◆ DIRECTIONS ◆
Please reproduce the entries exactly as they appear below, but not the pictures.
(DATASET RECORDS Opens)
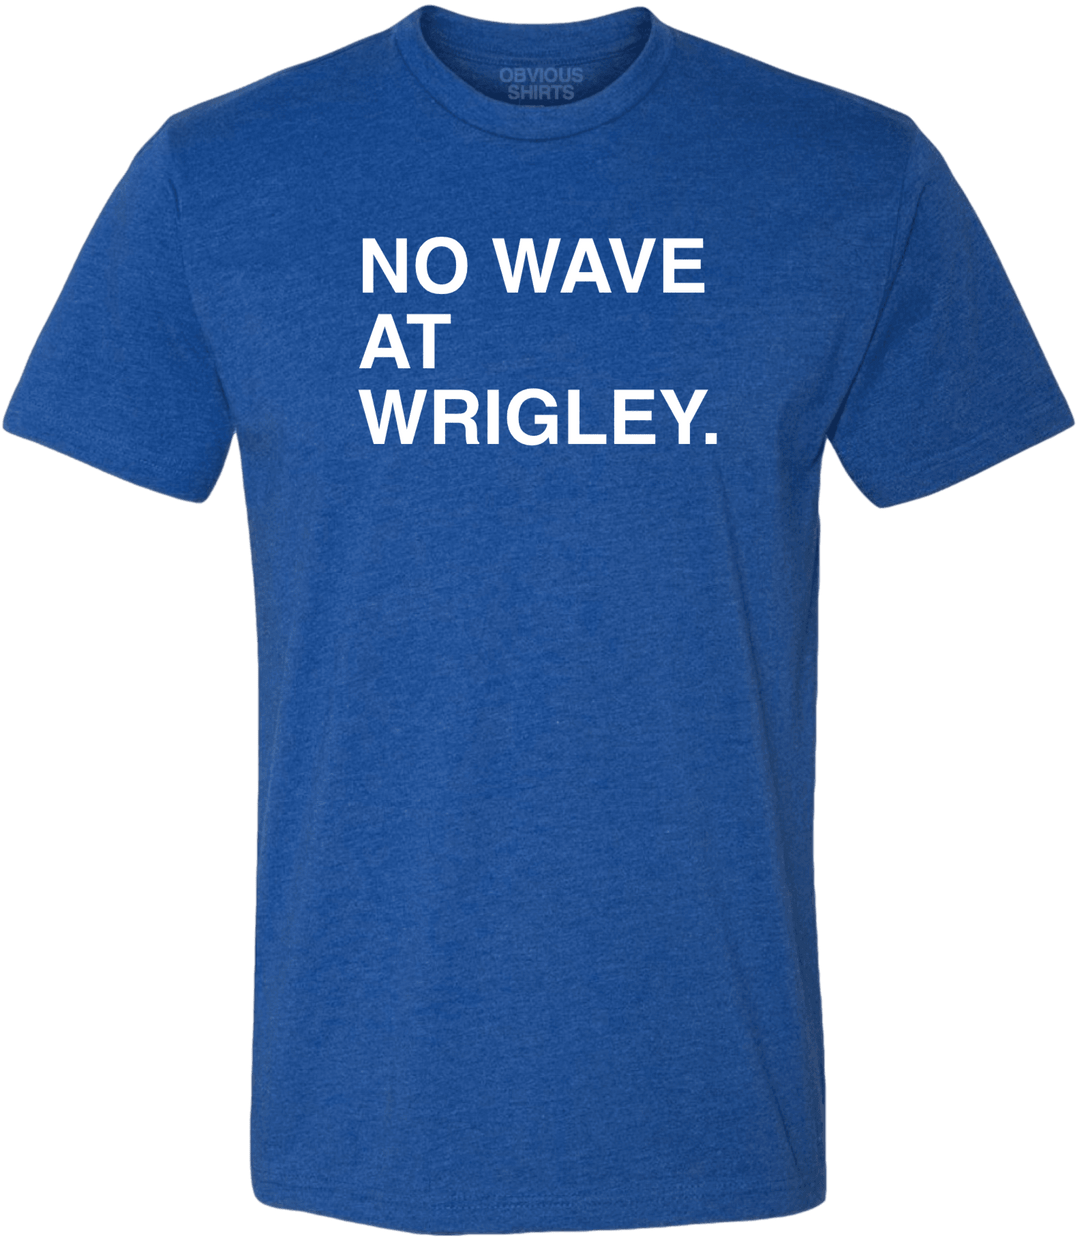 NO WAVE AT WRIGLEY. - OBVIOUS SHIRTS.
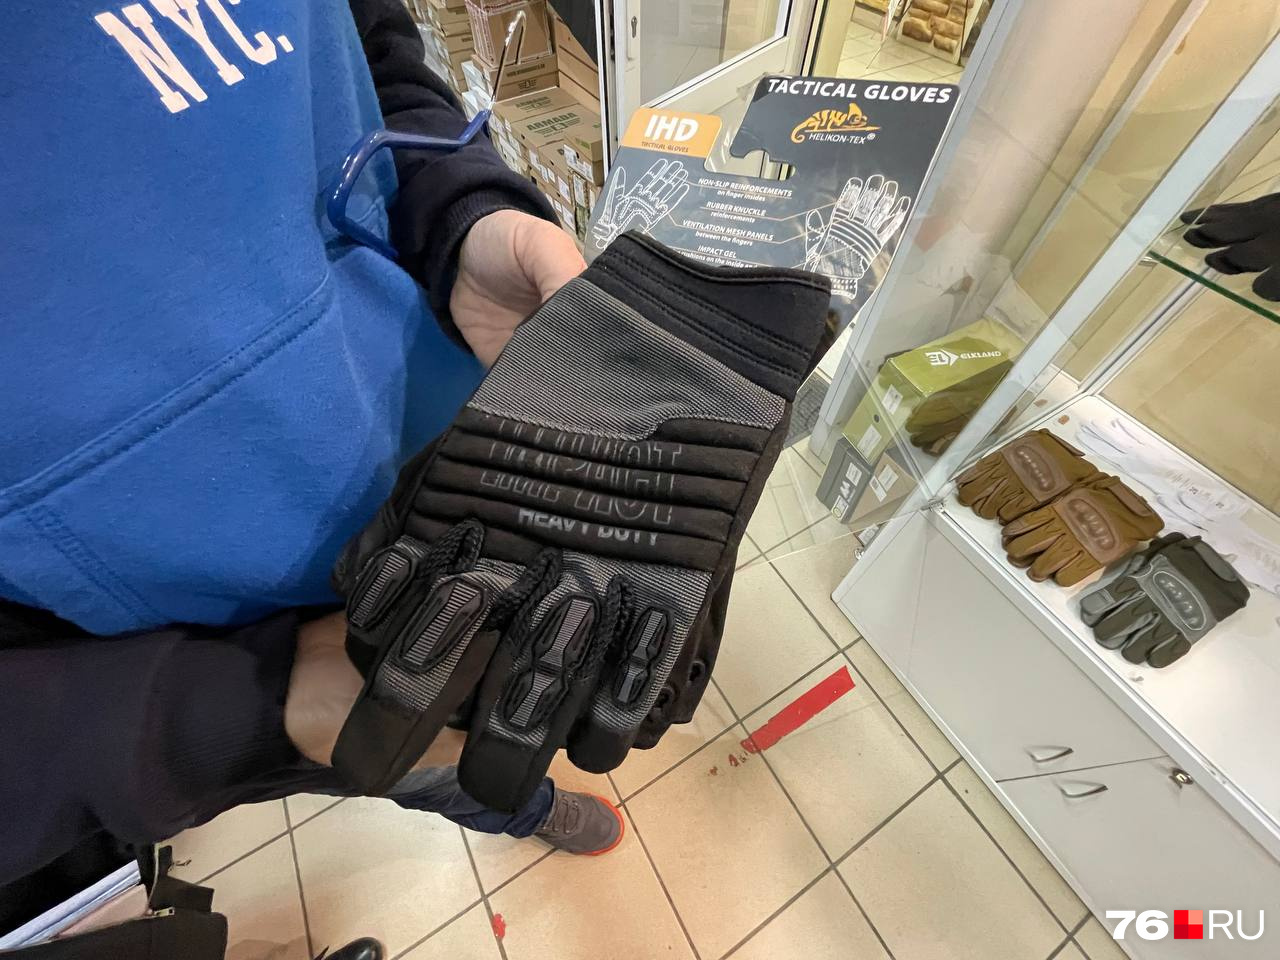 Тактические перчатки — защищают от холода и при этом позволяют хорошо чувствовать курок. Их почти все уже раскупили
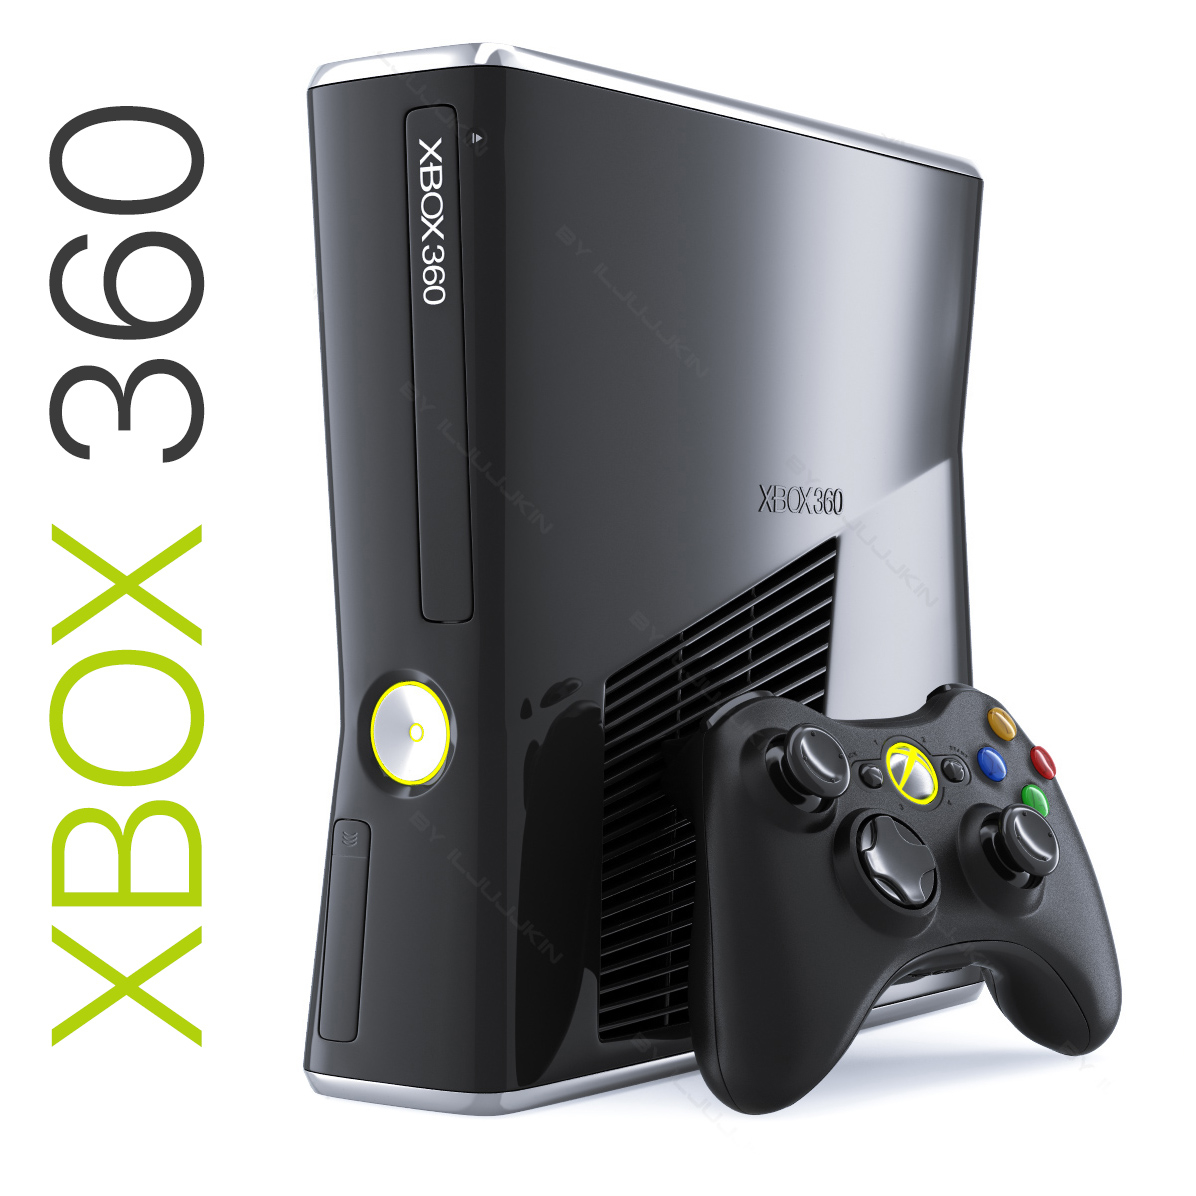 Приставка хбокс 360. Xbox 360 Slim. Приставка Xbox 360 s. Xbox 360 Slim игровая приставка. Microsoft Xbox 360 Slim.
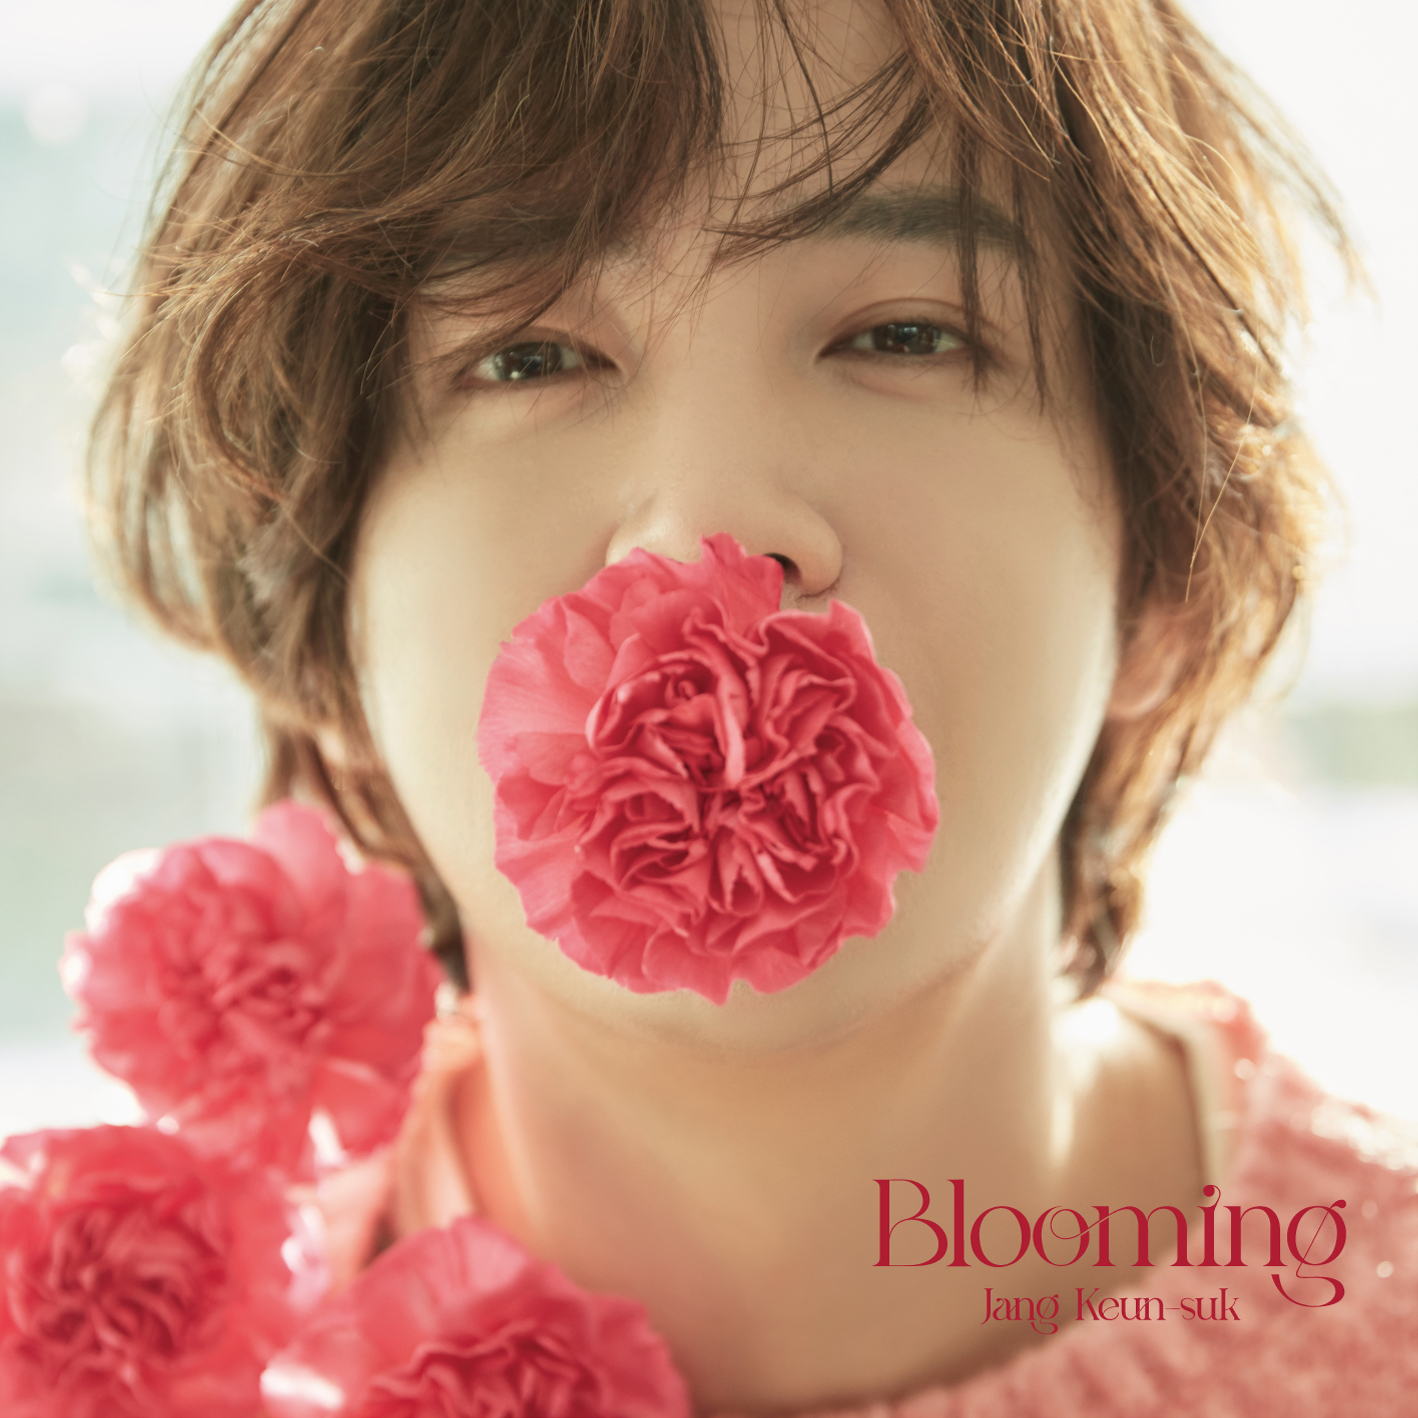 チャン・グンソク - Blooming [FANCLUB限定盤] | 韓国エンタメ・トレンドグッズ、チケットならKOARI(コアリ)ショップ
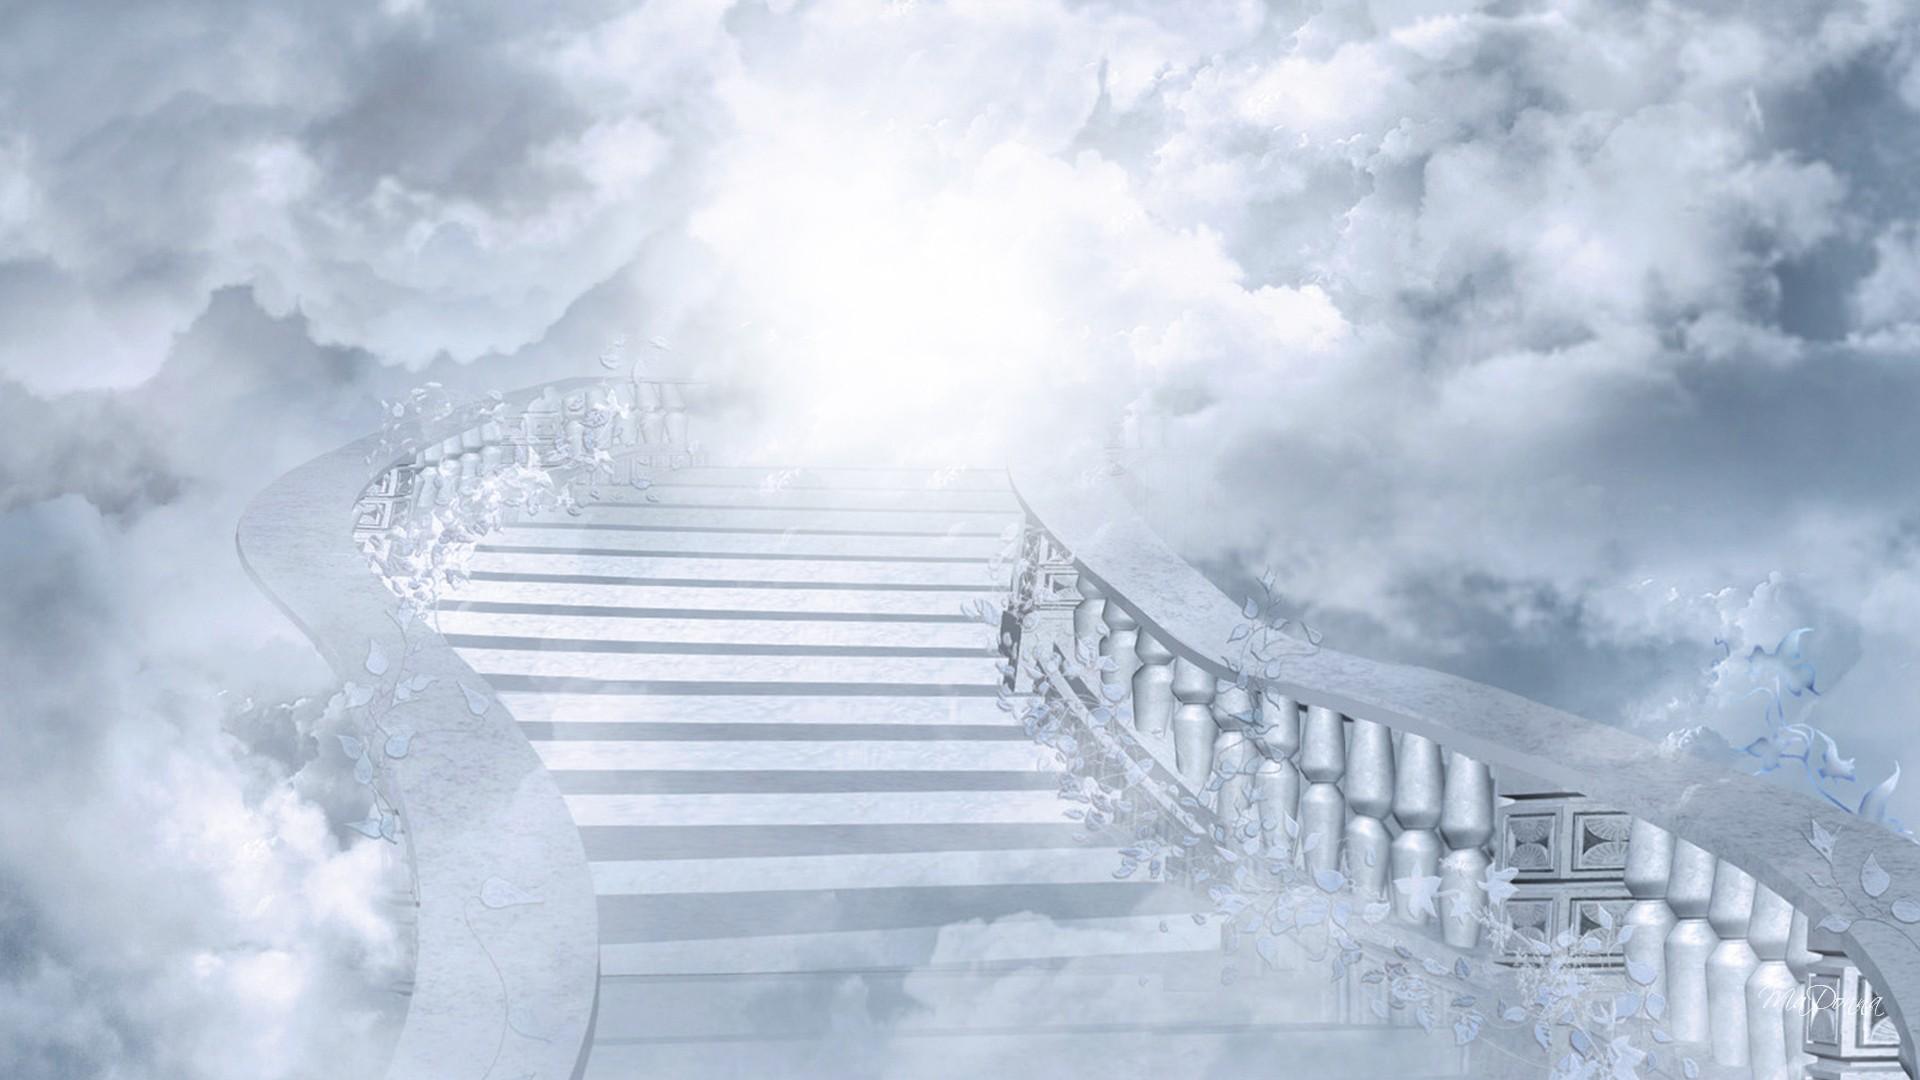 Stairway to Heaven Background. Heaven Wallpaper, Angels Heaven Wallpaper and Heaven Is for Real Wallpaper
(DATASET RECORDS Closes)
◆ ANSWER TO THIS EXERCISE ◆
 NO WAVE AT WRIGLEY. - OBVIOUS SHIRTS.
 Тактические перчатки — защищают от холода и при этом позволяют хорошо чувствовать курок. Их почти все уже раскупили
 Приставка хбокс 360. Xbox 360 Slim. Приставка Xbox 360 s. Xbox 360 Slim игровая приставка. Microsoft Xbox 360 Slim.
 チャン・グンソク - Blooming [FANCLUB限定盤] | 韓国エンタメ・トレンドグッズ、チケットならKOARI(コアリ)ショップ
 Stairway to Heaven Background. Heaven Wallpaper, Angels Heaven Wallpaper and Heaven Is for Real Wallpaper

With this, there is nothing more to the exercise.